__What to produce__: Please set down the data again exactly, minus the pictures.

__Data provided__:
Start of Block

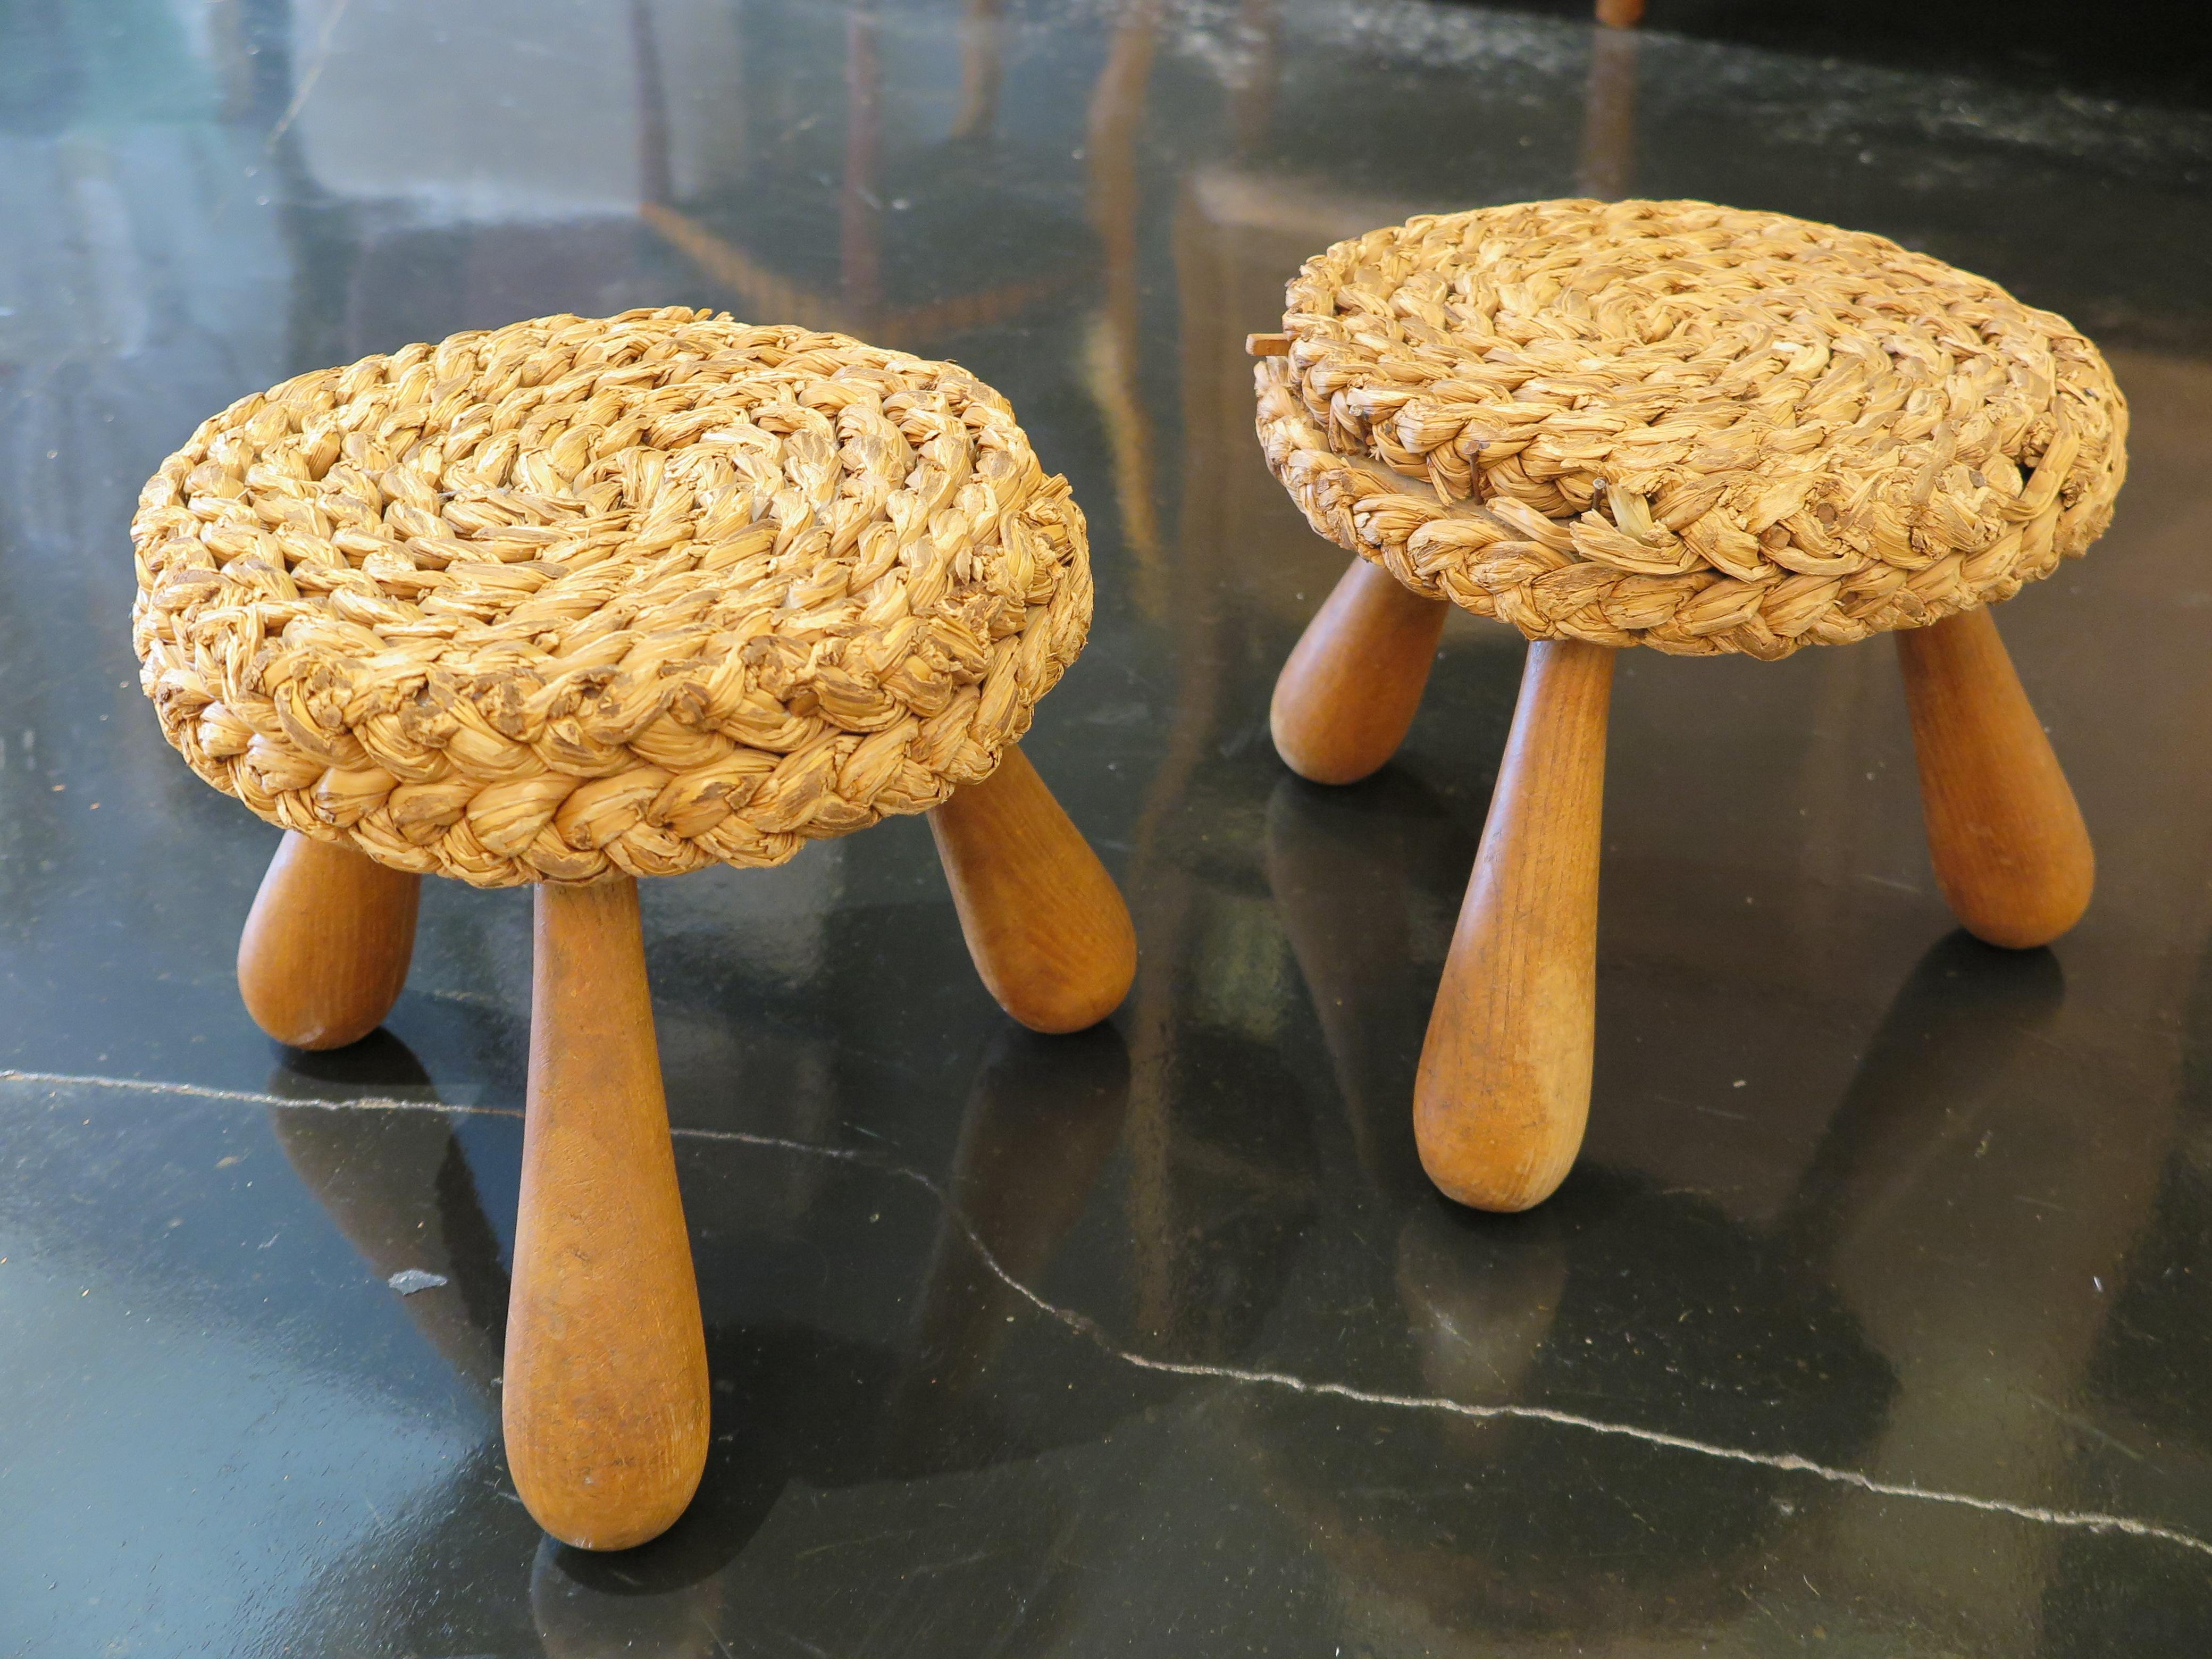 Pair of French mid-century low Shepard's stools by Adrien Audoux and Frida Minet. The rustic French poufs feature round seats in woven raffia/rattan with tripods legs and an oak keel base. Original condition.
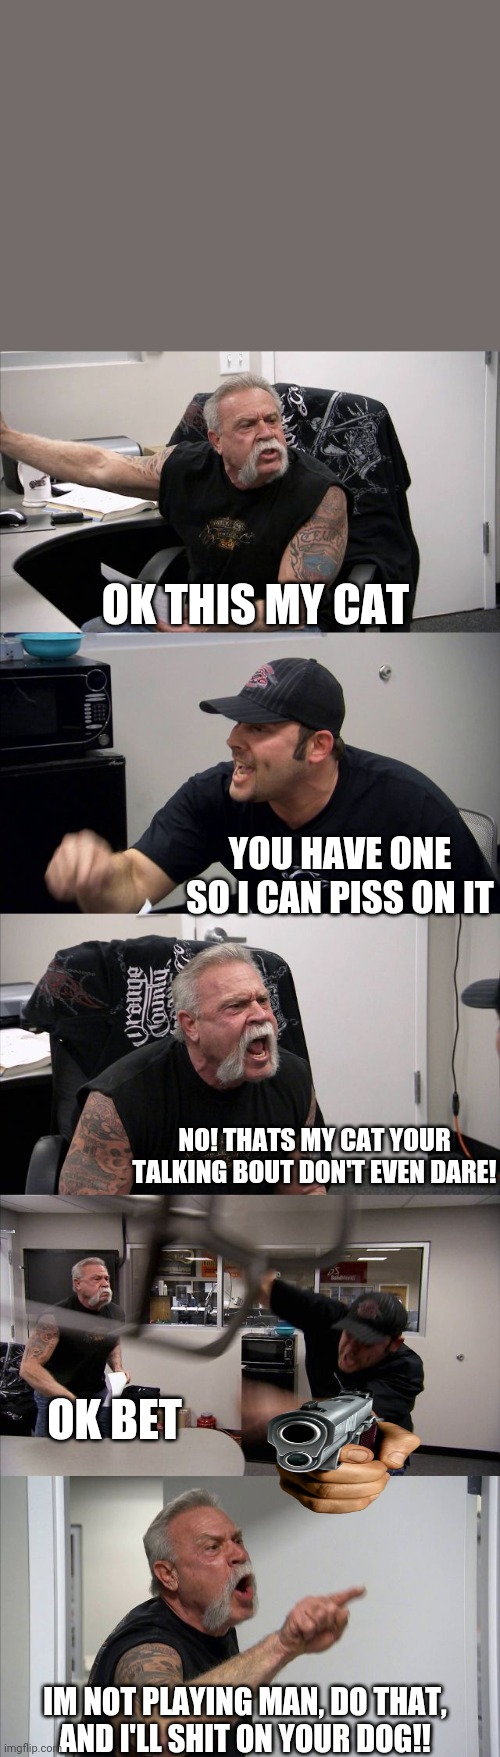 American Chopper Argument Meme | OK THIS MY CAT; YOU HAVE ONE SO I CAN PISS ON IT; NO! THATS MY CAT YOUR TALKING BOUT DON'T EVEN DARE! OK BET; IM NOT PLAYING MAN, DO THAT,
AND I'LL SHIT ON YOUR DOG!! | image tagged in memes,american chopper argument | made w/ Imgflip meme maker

End of Block

__Finished task__:
 Pair of French mid-century low Shepard's stools by Adrien Audoux and Frida Minet. The rustic French poufs feature round seats in woven raffia/rattan with tripods legs and an oak keel base. Original condition.
 American Chopper Argument Meme | OK THIS MY CAT; YOU HAVE ONE SO I CAN PISS ON IT; NO! THATS MY CAT YOUR TALKING BOUT DON'T EVEN DARE! OK BET; IM NOT PLAYING MAN, DO THAT,
AND I'LL SHIT ON YOUR DOG!! | image tagged in memes,american chopper argument | made w/ Imgflip meme maker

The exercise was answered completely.